Description: follow the template in .github/PULL_REQUEST_TEMPLATE.md. Error on the side of simplicity -- don't list every change. Focus on key API changes, functionality, and data flow. Keep it concise.

CI Jobs and Github Actions

Supply chain security: every cargo command in CI that resolves dependencies MUST use --locked to enforce the committed Cargo.lock. This prevents CI from silently picking up a newer (potentially compromised) transitive dependency. If Cargo.lock is out of sync with Cargo.toml, the build fails immediately, forcing dependency changes to be explicit and reviewable. See the top-level comment in build.yml for full rationale. Commands exempt from --locked: cargo fmt (no dep resolution), cargo msrv verify/show (wrapper tool), cargo miri setup (tooling setup).

Ensure that when writing any github action you are considering safety including thinking of and mitigating common attack vectors such expression injection and pull request target attacks.

Example:

# The code below is vulnerable to expression injection
run: |
    echo "Comment: ${{ github.event.comment.body }}"

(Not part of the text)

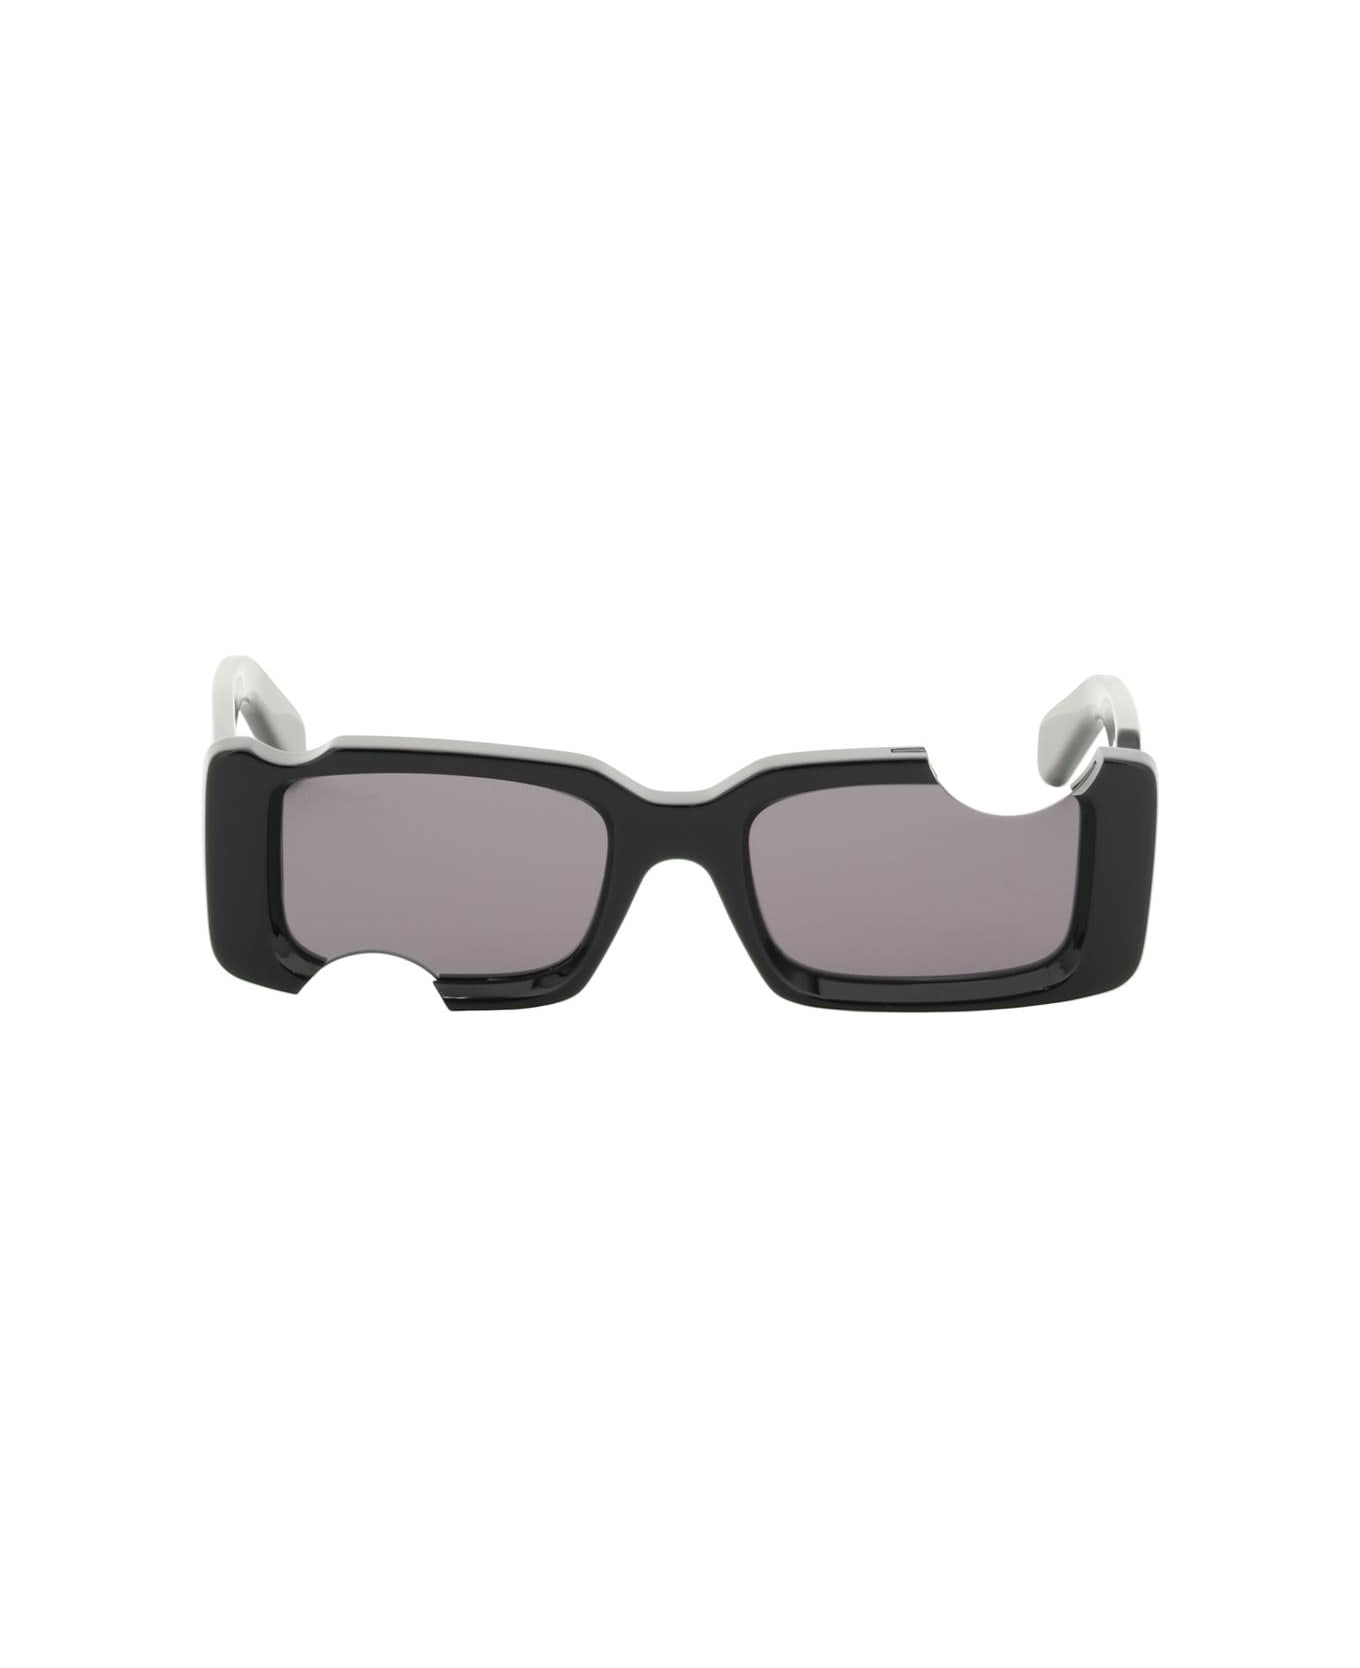 Off-White Cady Sunglasses - BLACK DARK GREY (Black)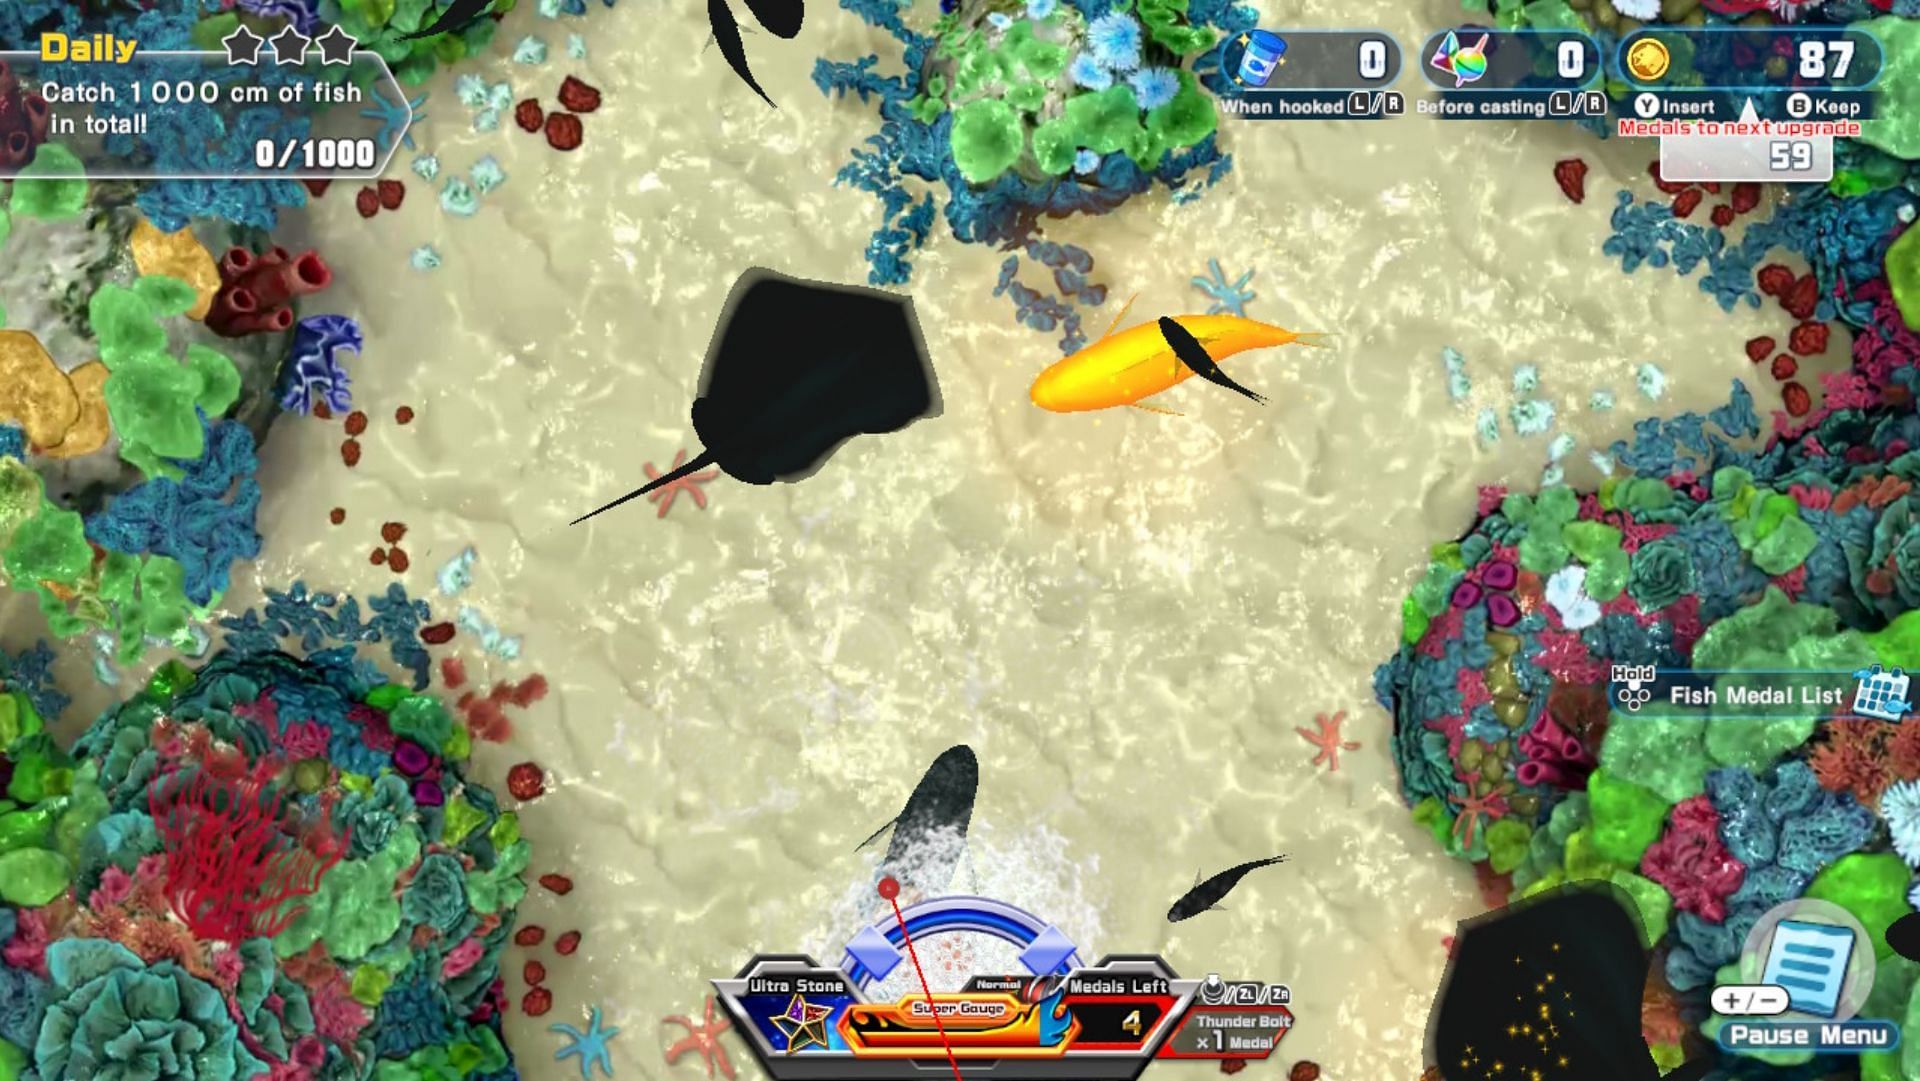 Ace Angler: Fishing Spirits review: An incredibly fun arcade fishing game

# To mitigate instead use environment variables
env:
    COMMENT_BODY: ${{ github.event.comment.body }}
run: |
    echo "Comment: $COMMENT_BODY"

Deep Context

Read these when relevant to the task at hand:

  • CLAUDE/architecture.md -- kernel architecture: snapshot loading, read/write paths, engine trait system, EngineData, key modules, catalog-managed tables
  • Always cross-check protocol behavior against the Delta protocol spec

Keeping docs current: If you notice anything inaccurate in these docs -- renamed structs, traits, functions, modules, crates, APIs, stale data flows, wrong file paths -- inform the user so they can be updated. After major changes, update this file, CLAUDE/architecture.md, ffi/CLAUDE.md, and any relevant <crate>/CLAUDE.md files.